Однако тут Луиза нечаянно затронула новую, доселе скрытую «жилу»: Стелла пустилась рассуждать о политике.
– На чем, по-твоему, основана классовая структура? Людям не дают возможности получить хорошее образование – в результате они способны выполнять только тяжелую, монотонную работу – либо рассчитывают на тех, у кого есть призвание, типа медсестер – те все равно будут заниматься любимым делом, как бы скудно ни платили. Вот так бедных, малообразованных людей и держат на своем месте, не давая никуда расти.
Они лежали валетом на постели, завернувшись в одеяла, и поедали шоколадные конфеты. Какое-то время обе молчали. За окном бушевала непогода: барабанил дождь, пронзительно завывал ветер, словно в такт хаотичным мыслям Луизы.
– Ты никогда об этом не задумывалась, да? – спросила Стелла.
– С этой стороны – нет.
– У тебя в семье не обсуждают такие вещи?
– Да не особенно. – Луиза вспомнила, как отец ругался на лентяев, не умеющих работать. – Папа однажды рассказывал, что во время всеобщей забастовки водил автобус.
Стелла лишь рассмеялась.
– Вот я и говорю – консерватор до мозга костей.
– А мама работала в Красном Кресте и еще в благотворительных обществах.
– Благотворительность – лишь очередной способ удерживать людей в самом низу социальной лестницы.
Луиза умолкла. Речи Стеллы ее изумляли. Ей не хватало ни знаний, ни опыта, ни логики, чтобы возражать, отрицать или добавить что-то свое.
Позже, когда они почистили зубы и легли и к ним заглянула мисс Реннишо пожелать спокойной ночи (оказывается, на дорогу упало дерево), Луиза спросила:
– Но если ты не хочешь, и никто другой не станет, кто же тогда?..
И Стелла сразу поняла, что речь идет о домашнем хозяйстве.
– Не знаю. Наверное, никто. Да и вообще, бо́льшая часть домашней работы бессмысленна – смотри, сколько времени мы тратим на ненужную полировку серебра.
Ответ Луизу не удовлетворил, однако она не стала возражать, не будучи уверенной в теме. Все это было так ново, так интересно и волнующе, что она решила разузнать побольше, только вот у кого?
Обе планировали уехать домой на выходные, но в пятницу Луизе позвонила мать.
– Боюсь, выходные откладываются: бабуле внезапно стало плохо, и я везу ее в больницу.
– А что случилось?
– Я же сказала – плохо себя чувствует. В последнее время она стала забывчивой, а теперь вообще утратила связь с реальностью, и слуги с ней не справляются, так что я перевожу ее в лечебницу возле Танбридж Уэллс: мне говорили, там очень хороший уход. Папы тоже нет – ему никогда не дают отпуск, так что давай перенесем на следующие выходные.

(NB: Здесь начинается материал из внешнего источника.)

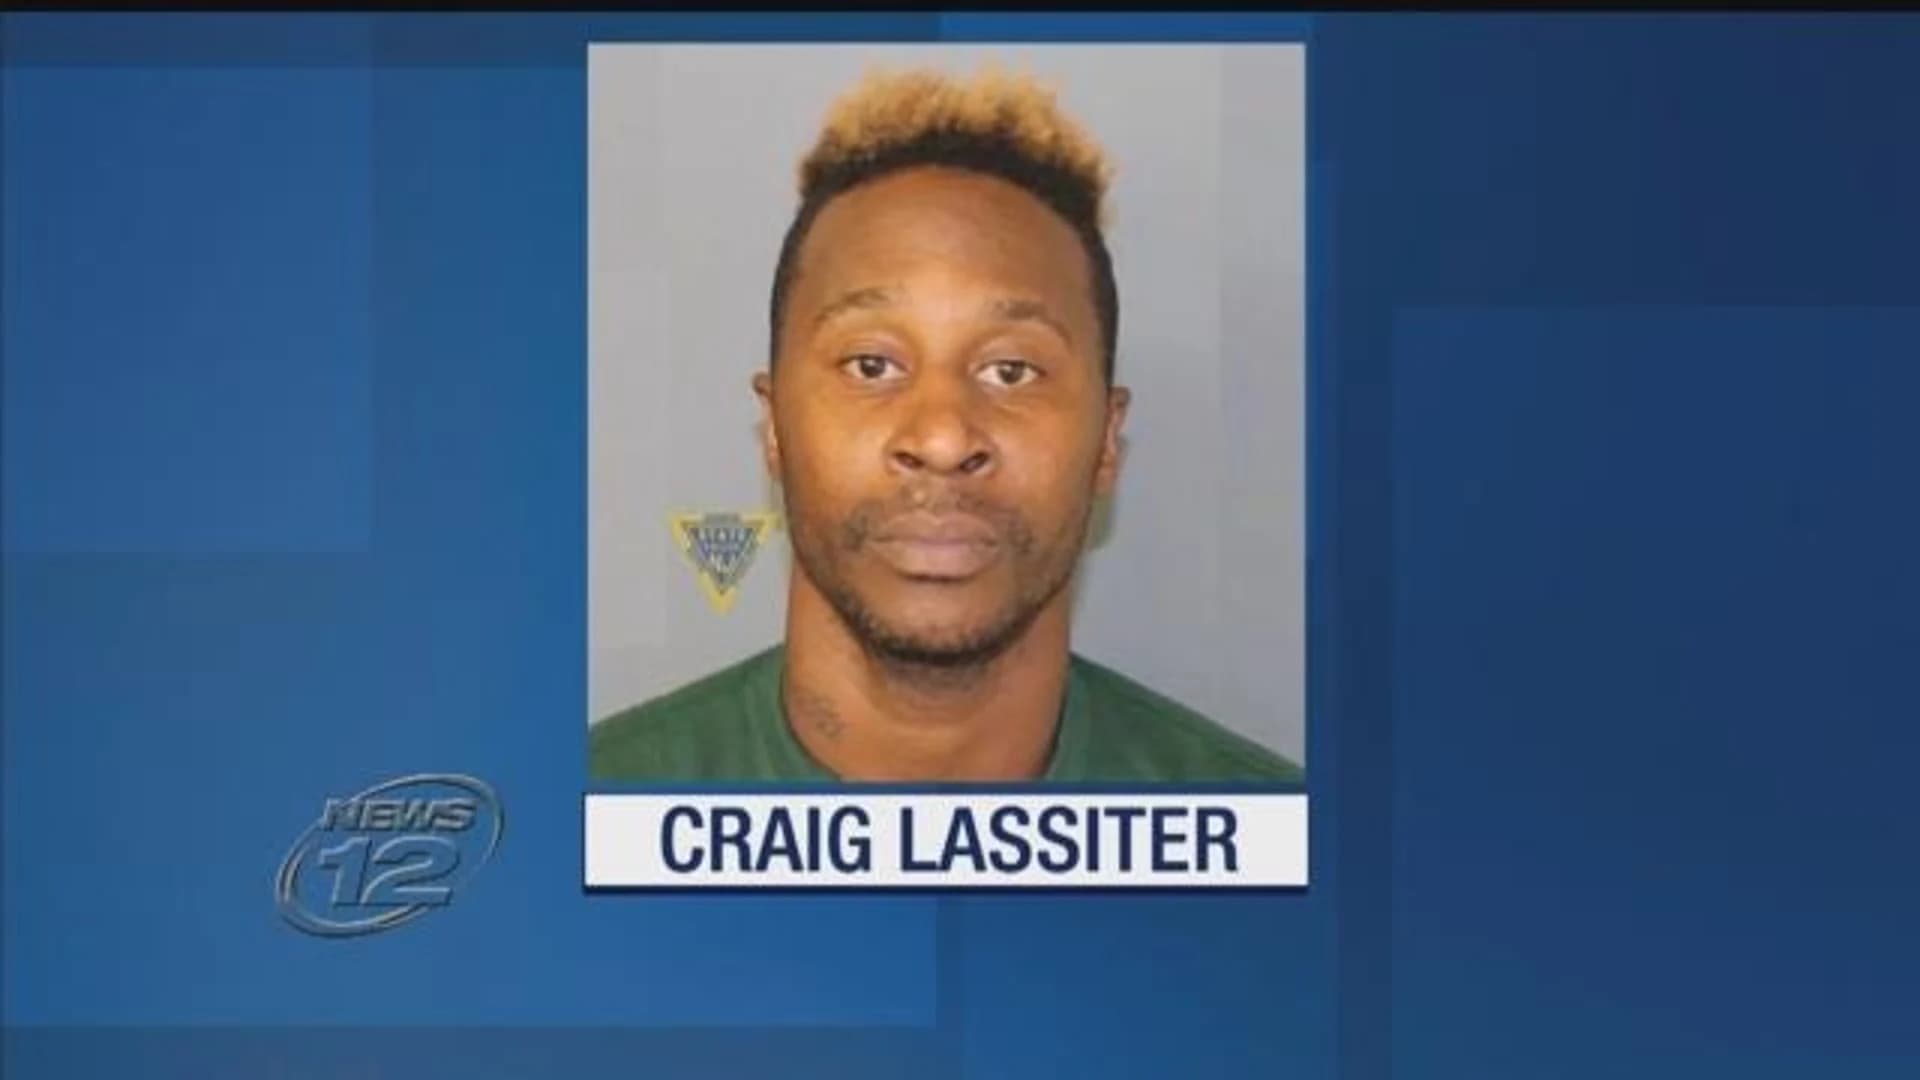 Man accused of assaulting 2 girls in NJ arrested on LI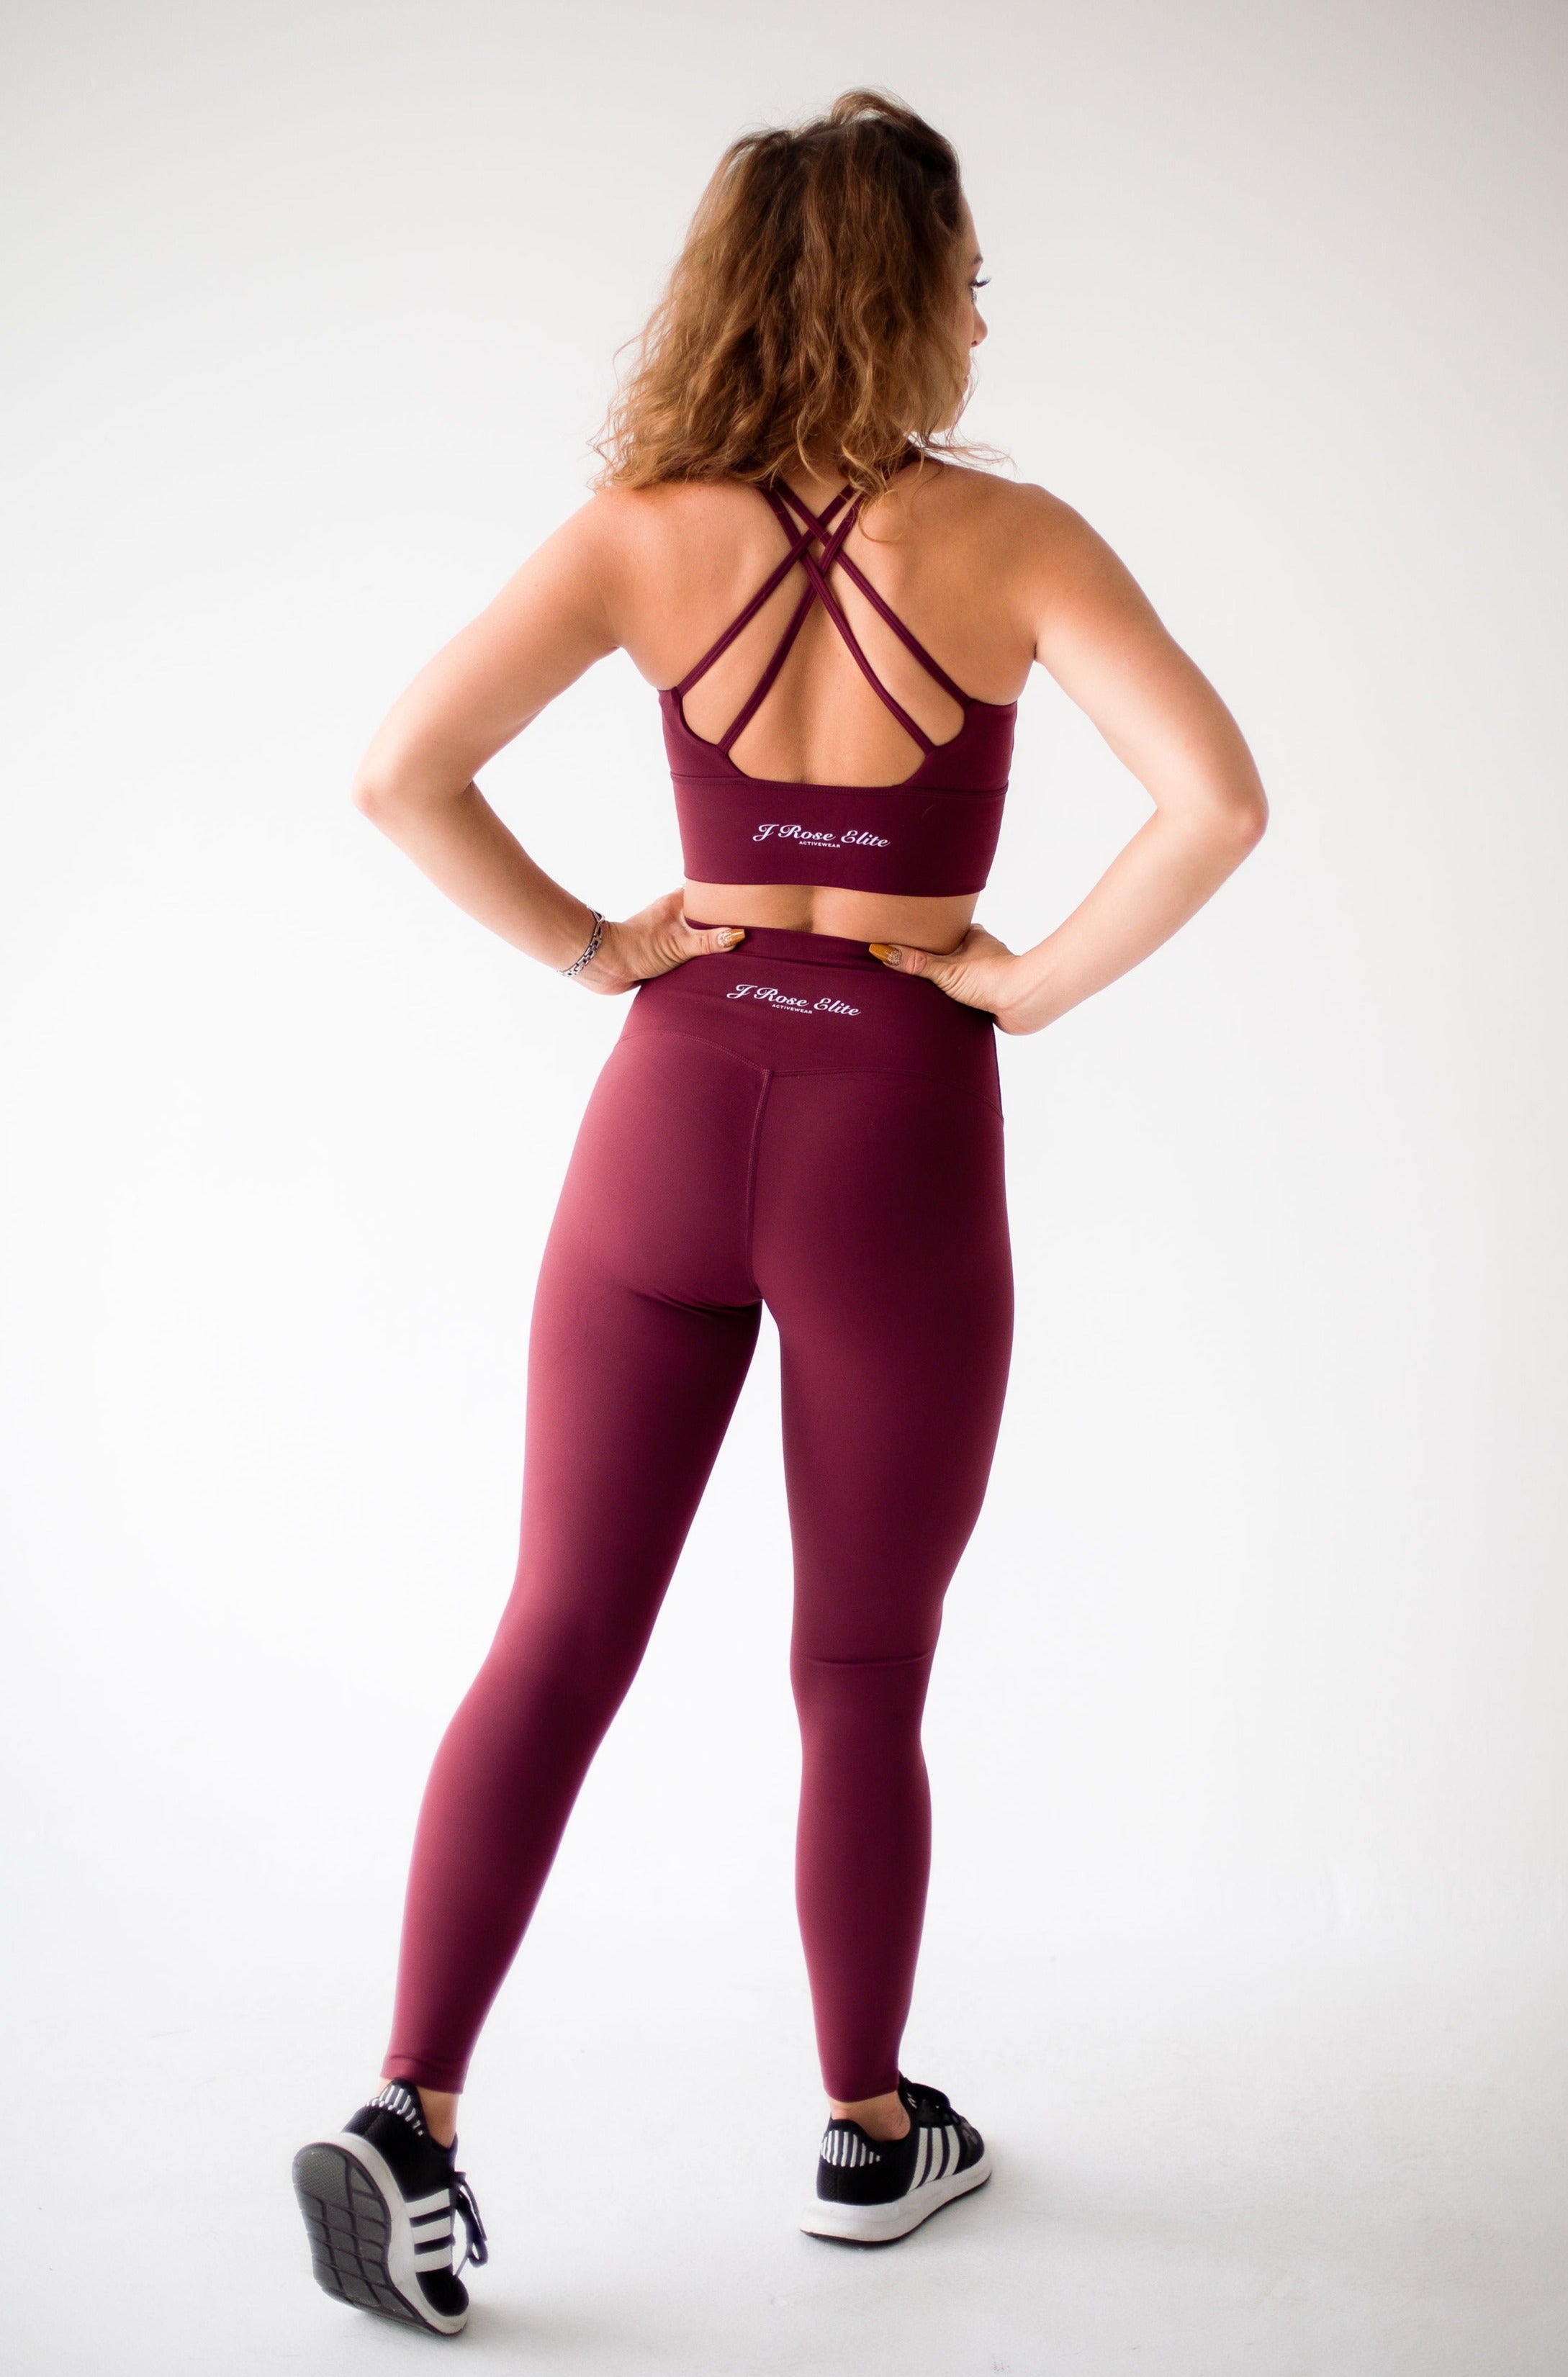 Fabletics Seamless High Waisted Jacquard 7/8 red high rise activewear  leggings M | eBay

– Но я могу спокойно остаться дома и без тебя! К тому же вряд ли это займет больше одного дня.
– Боюсь, что больше: сперва нужно съездить во Френшэм забрать ее от тети Джессики, затем отвезти в лечебницу, потом закрыть ее дом в Лондоне, разобраться с бедной Брайант – та практически на грани нервного срыва. Бабуля заказывает безумное количество еды для званых ужинов, а потом никого не зовет, поскольку никого уже не помнит, и в результате винит во всем бедную Брайант.
– Боже правый! Да она совсем с катушек съехала!
– Она просто сбита с толку, – возразила мать с нажимом.
Когда Луиза рассказала обо всем Стелле, та предложила:
– Может, тебе поехать к нам? Только мне нужно спросить разрешения.
Так и получилось – после долгой возни и суеты. Сперва мать Стеллы дала согласие, а потом мисс Реннишо заявила, что надо получить разрешение от матери Луизы. Последняя потребовала телефон миссис Роуз…
– Господи, ну зачем все это? – воскликнула Луиза. – Почему они обращаются с нами как с детьми?
– И не говори. А если бы мы были мальчиками, то через год уже считались бы годными ехать во Францию и умирать за нашу родину. Ну я, по крайней мере. – Стелла в свои восемнадцать была на год старше Луизы.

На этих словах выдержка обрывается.